Ловец мелкого жемчуга | страница 37



И о чем, в таком случае, было переживать? Ему ведь просто становилось веселее от спиртного, и будущее не казалось таким уж безнадежным, и верилось, что силы его не уйдут в песок…


– Ты п-понимаешь… В общем, у меня просто руки чешутся…

Они сидели в неуютном, как рабочая столовая, прокуренном буфете на втором этаже Союза кинематографистов, пили коньяк, и Георгий уже полчаса объяснял Марфе, почему разочарован институтом, Муштаковым, его мастерской, Москвой… Встретились они случайно. Георгия затащил сюда Федька, потом он куда-то умчался, и тут появилась Марфа – наверное, приходила зачем-то в Союз.

Сразу после лекций Георгий выпил с Федькой бутылку водки прямо в зеркальном предбаннике вгиковского буфета, поэтому коньяк ложился теперь на прежний хмель. К тому же он ничего не ел целый день, без размышлений сделав финансовый выбор между едой и выпивкой.

Марфа на его рассказ никак не реагировала. Она прихлебывала коньяк, разглядывая, как он искрится и переливается в свете неярких ламп. Наверное, размышляла, как будет описывать эту золотую игру света, если увидит ее на экране.

– А Гондурас не беспокоит? – поинтересовалась она наконец.

– Какой Гондурас? – опешил Георгий.

– Анекдот такой есть, – спокойно объяснила Марфа. – Да ему сто лет, неужели не знаешь? Как Петька говорит: «Что-то меня, Василий Иванович, Гондурас беспокоит», – а тот ему отвечает: «А ты его, Петька, не чеши».

– Я не чешу, – криво усмехнулся Георгий. – Само чешется. С тобой, наверно, такого не бывает. Ты чего захочешь – все получишь. А я…

– А ты бедный-несчастный деревенский мальчик, никто тебя не ценит, в объятиях не душит, светлого будущего не обещает, – словно гвозди вбивая, произнесла Марфа. – Ах-ах, как тебя жалко!
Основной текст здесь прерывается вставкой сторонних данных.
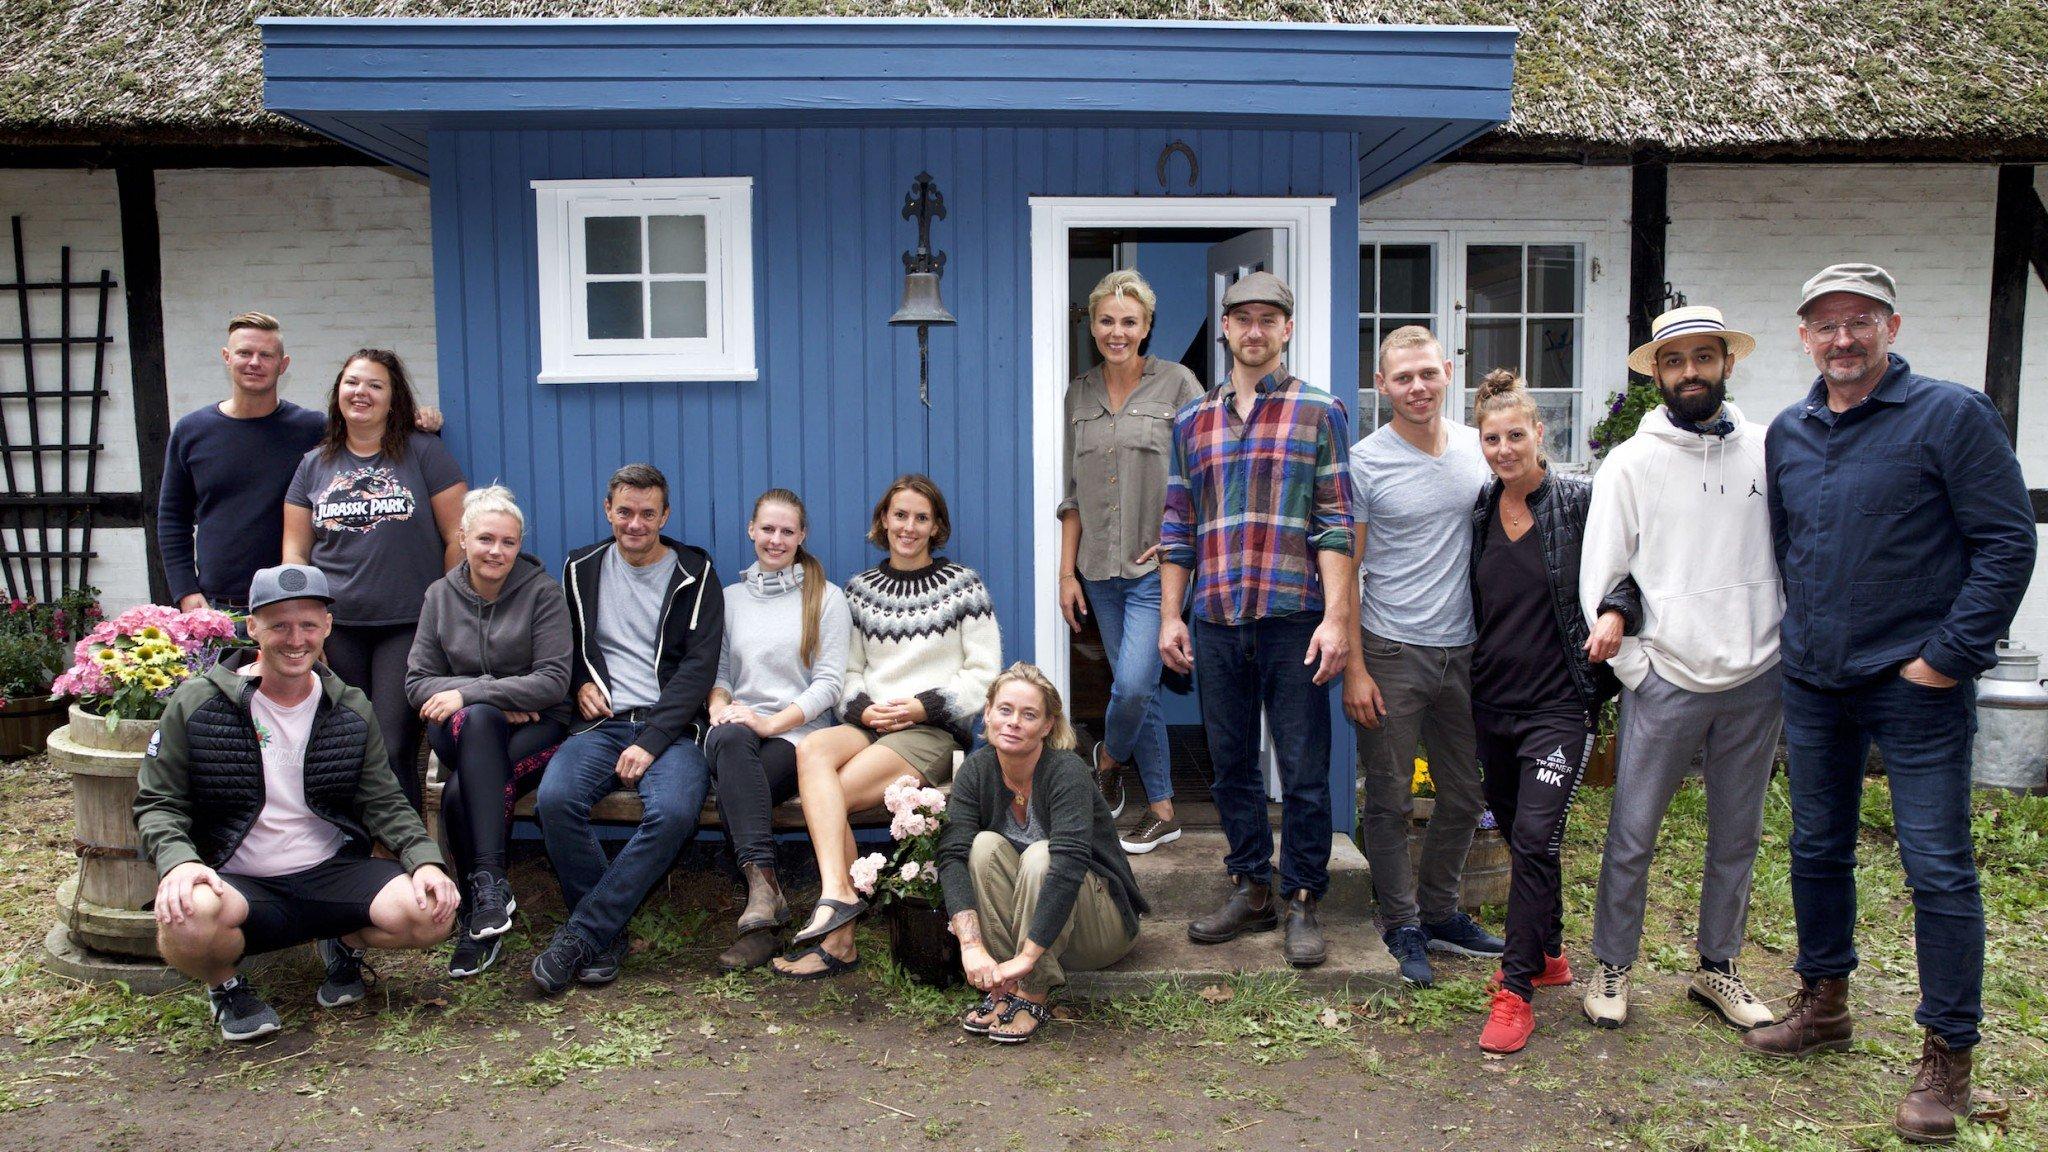 38decaa6b Hjem til gården - 2019 sæson - TV 2 TV 2 Play : DIGITALT.TV
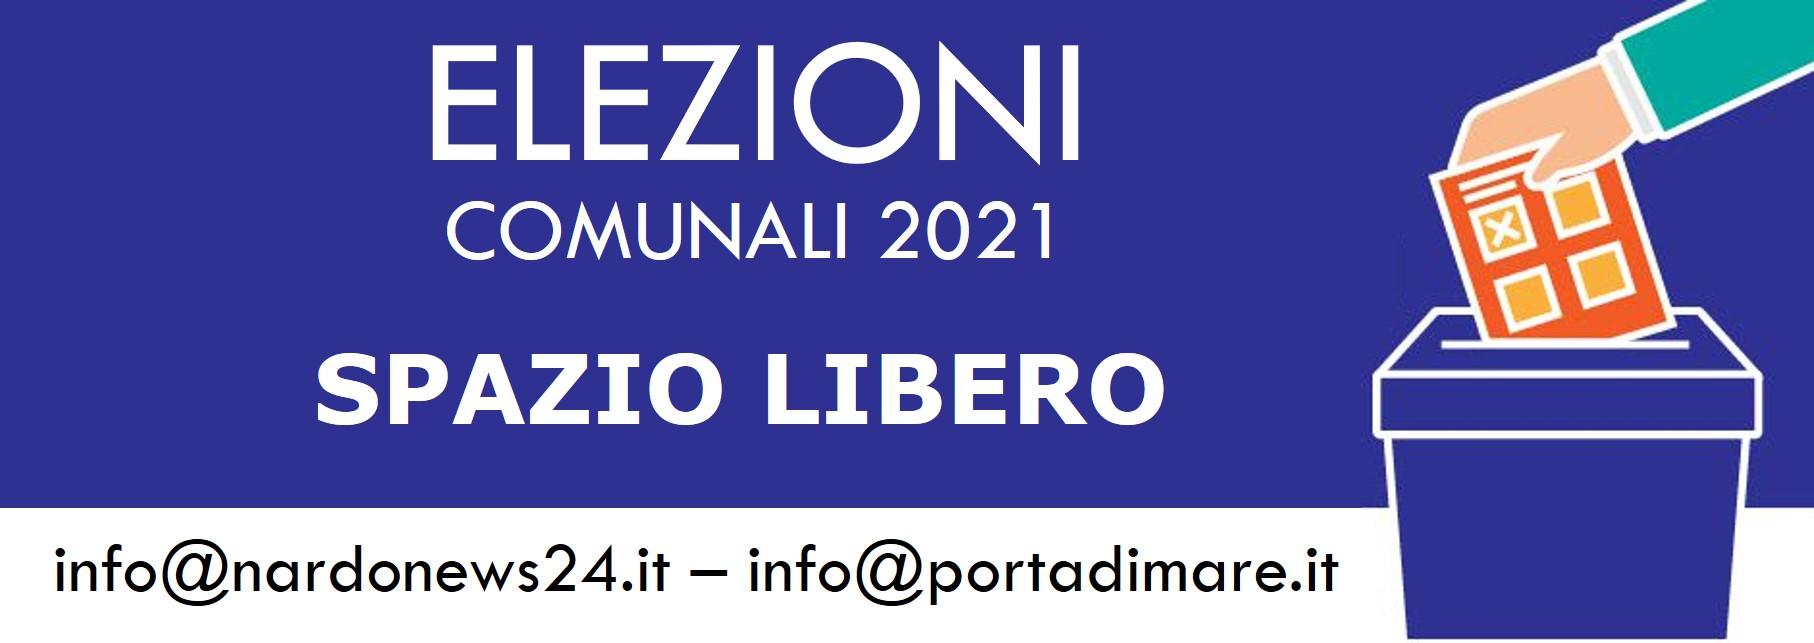 banner elezioni com_2021

Помнится, один твой земляк тоже вот так вот явился в Москву, уверенный в собственной исключительности. Пьеску свою самой Ермоловой принес, ни более ни менее как для бенефиса. А сам небось говорить не умел по-человечески – гыкал, наверное, вроде тебя. И вместо «скрипеть» писал «рипеть». Но зато правильно к себе отнесся, и это впоследствии дало результат.

– Какой мой земляк? – не понял Георгий.

Хмельная заторможенность мешала ему, и он безуспешно пытался с ней справиться.

– А что, у тебя так много знаменитых земляков? – поинтересовалась Марфа. – По-моему, кроме Чехова, никого.

– А-а!.. – хмыкнул Георгий. – Нет, еще Модест Чайковский был.

И тут же удивился, даже сквозь тупой хмель. Конечно, он слышал о Чехове постоянно, как слышал о нем любой житель Таганрога и уж тем более ученик школы его имени. В старой части города было множество домов, на которых висели мемориальные доски: «Здесь жил прототип Ионыча… Беликова…» И все-таки Чехов был для Георгия почти абстракцией. Ну, жил такой умный человек сто лет назад, писал хорошие рассказы. Он-то здесь при чем?